* _Problem statement_:
Please set down exactly the lines from the one that contains "fdf4c0150d 120 inzerátov" through the end of the material, leaving out every picture.

* _Dataset excerpt_:
+++++

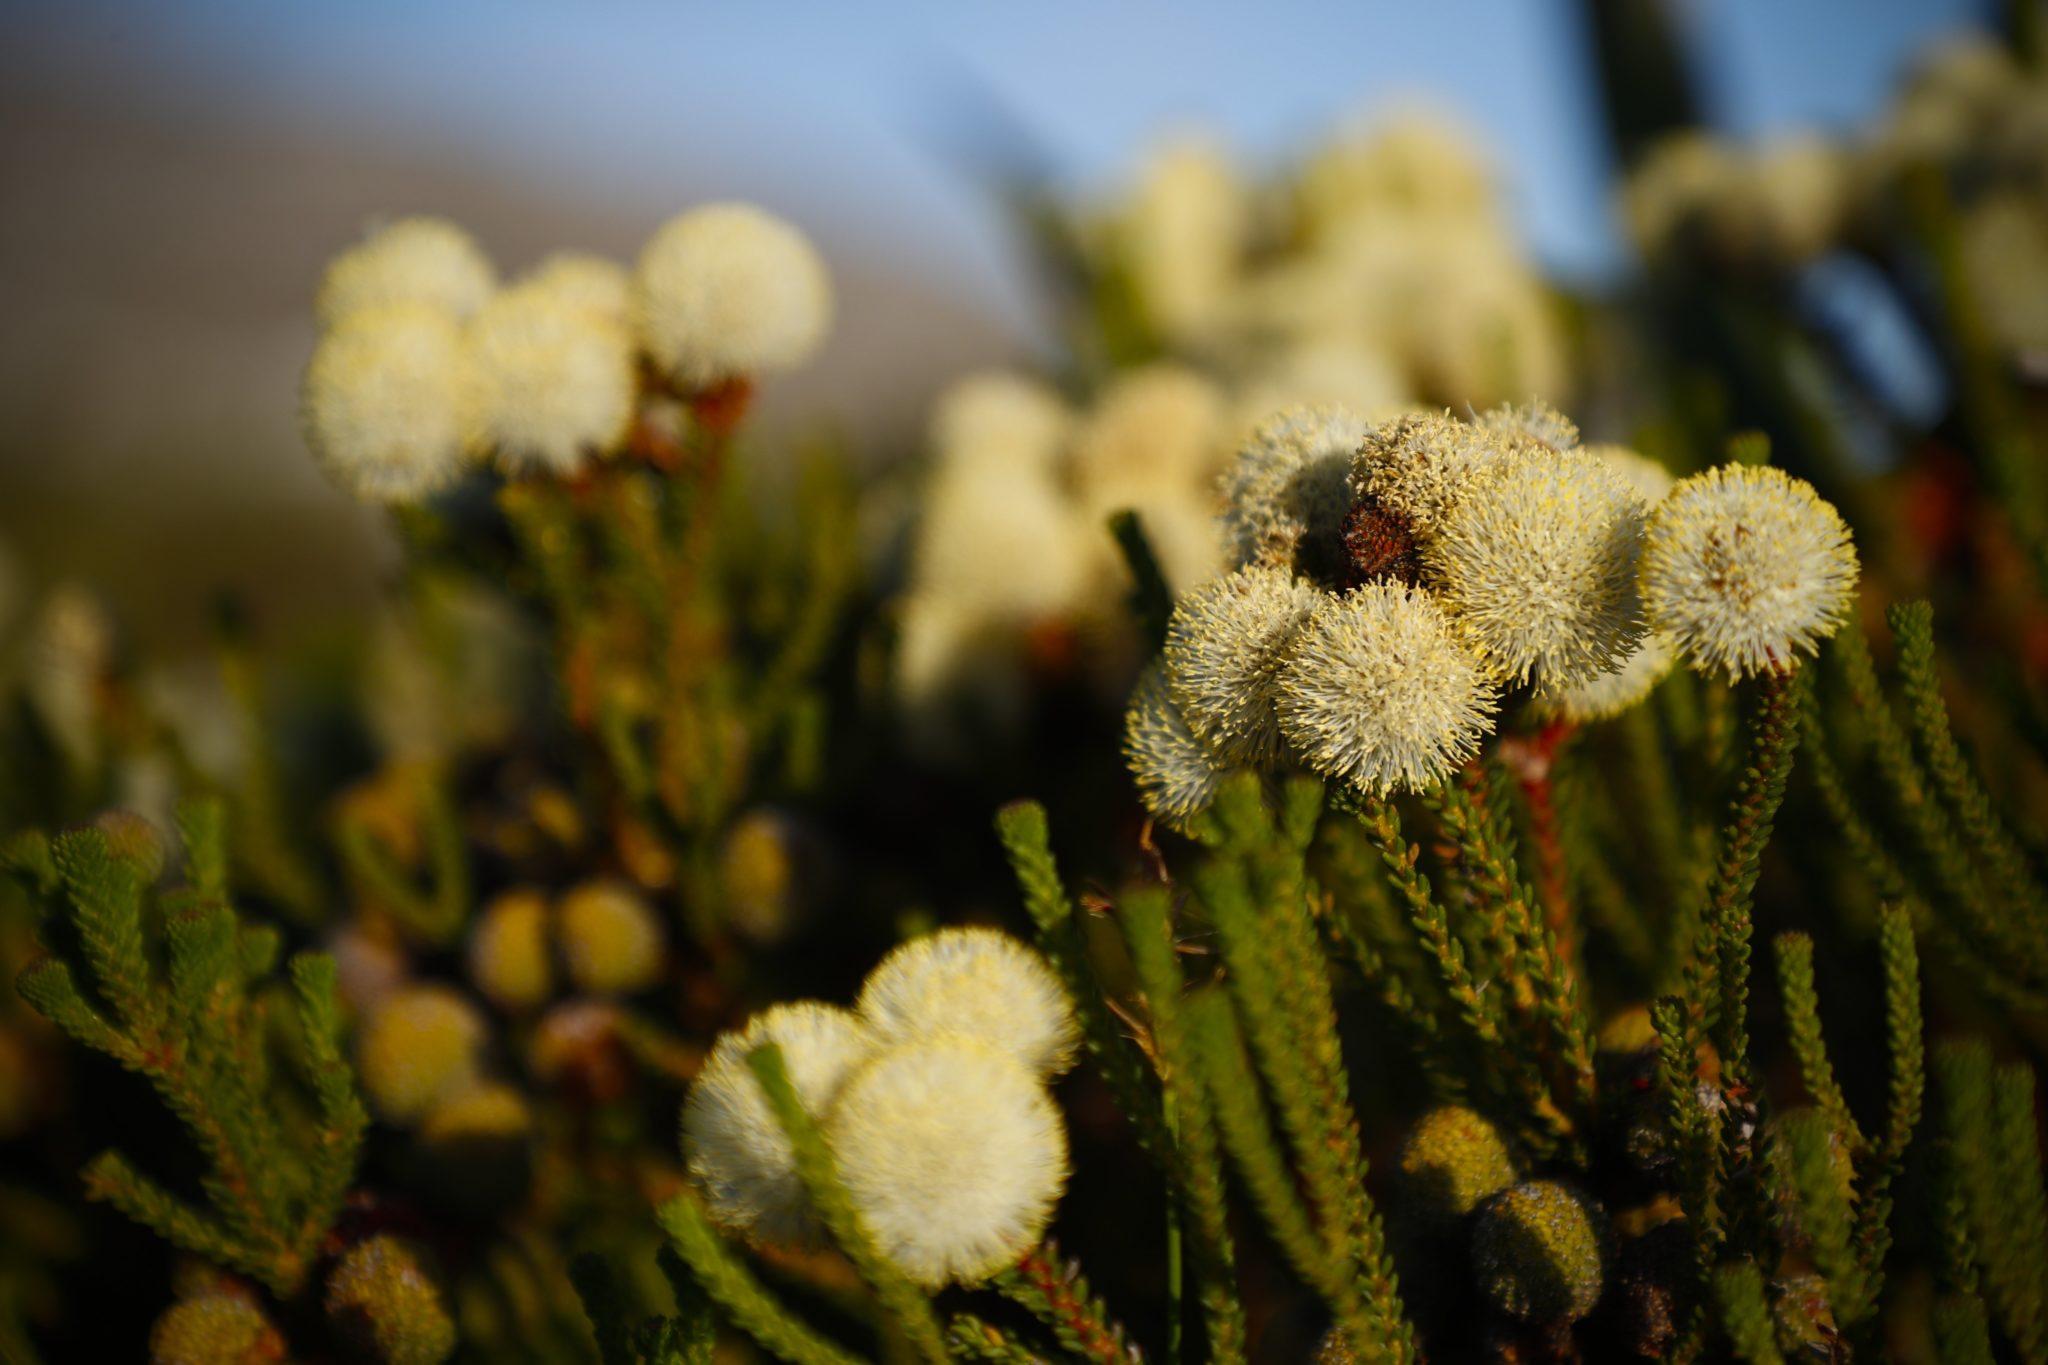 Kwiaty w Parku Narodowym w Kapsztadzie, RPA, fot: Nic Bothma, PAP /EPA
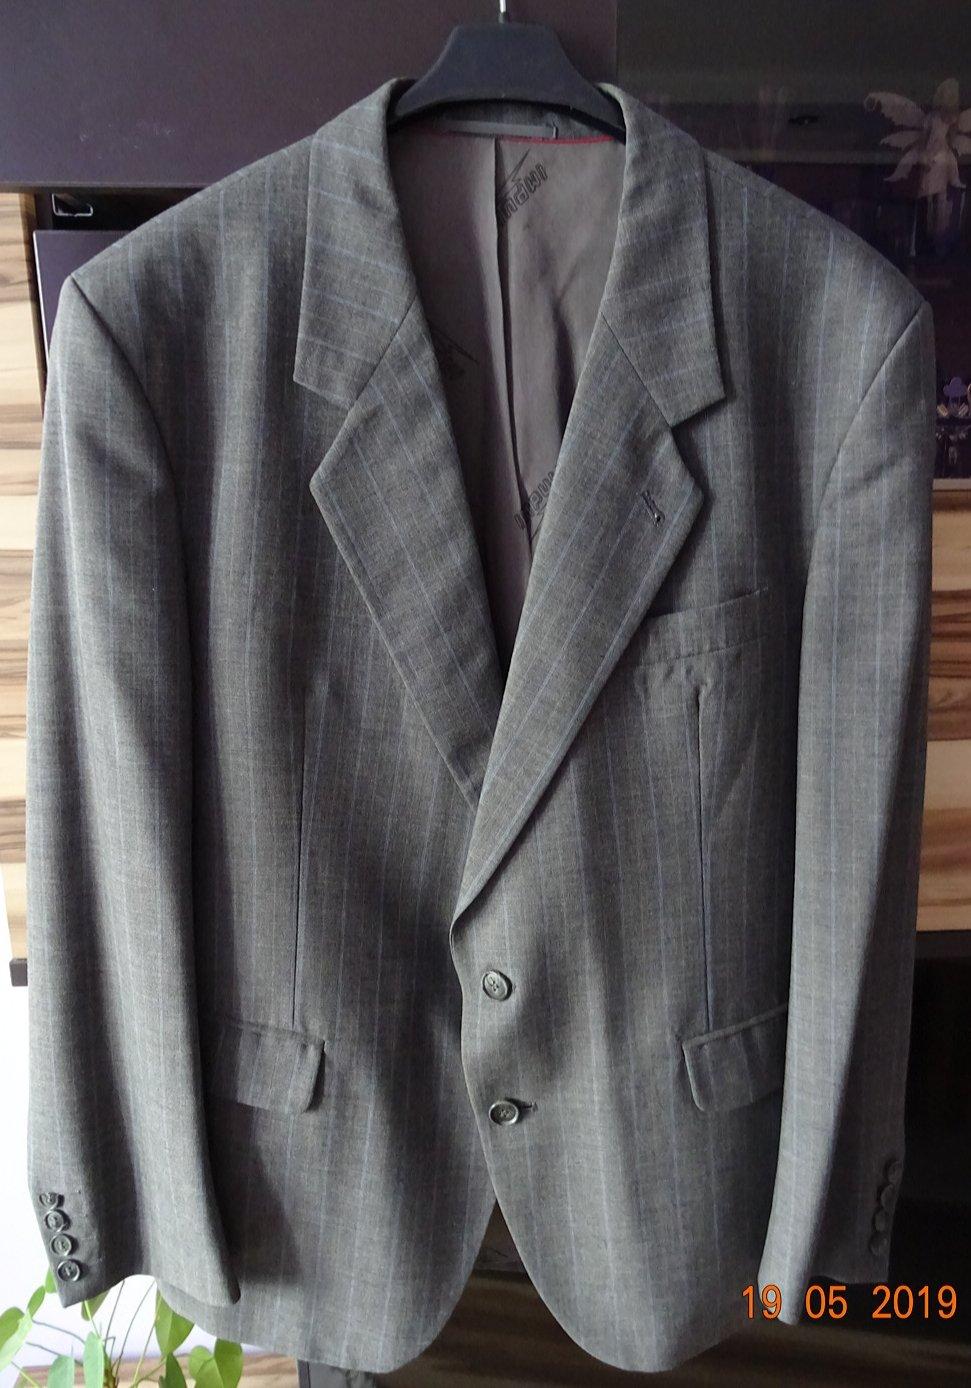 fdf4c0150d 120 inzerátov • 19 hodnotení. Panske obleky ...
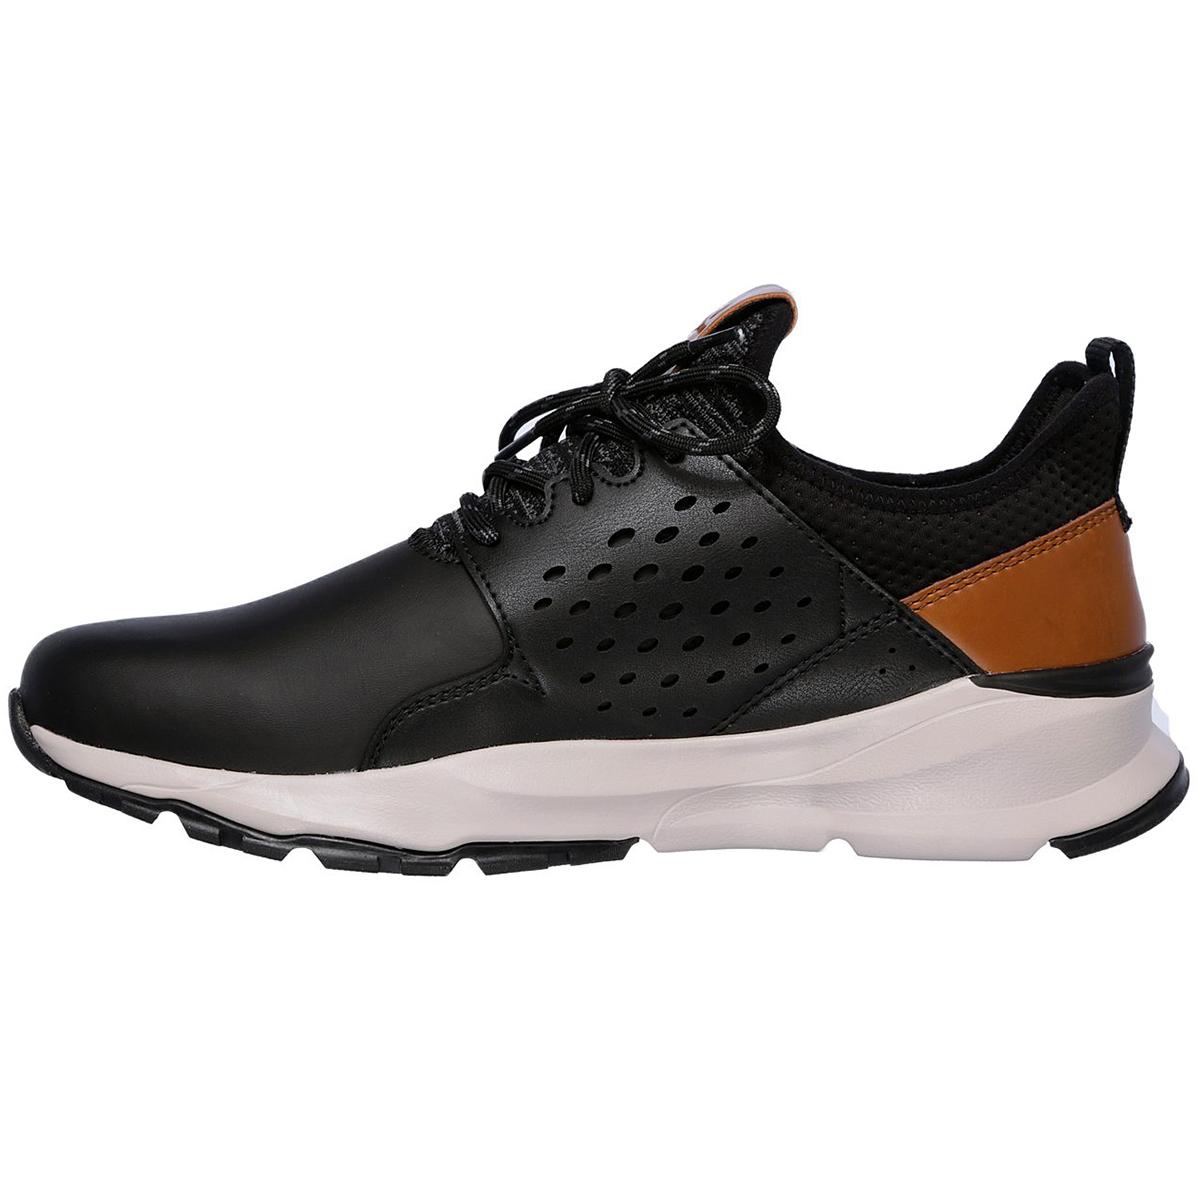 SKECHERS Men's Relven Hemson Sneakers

+++++

* _Completed exercise_:
 fdf4c0150d 120 inzerátov • 19 hodnotení. Panske obleky ...
 SKECHERS Men's Relven Hemson Sneakers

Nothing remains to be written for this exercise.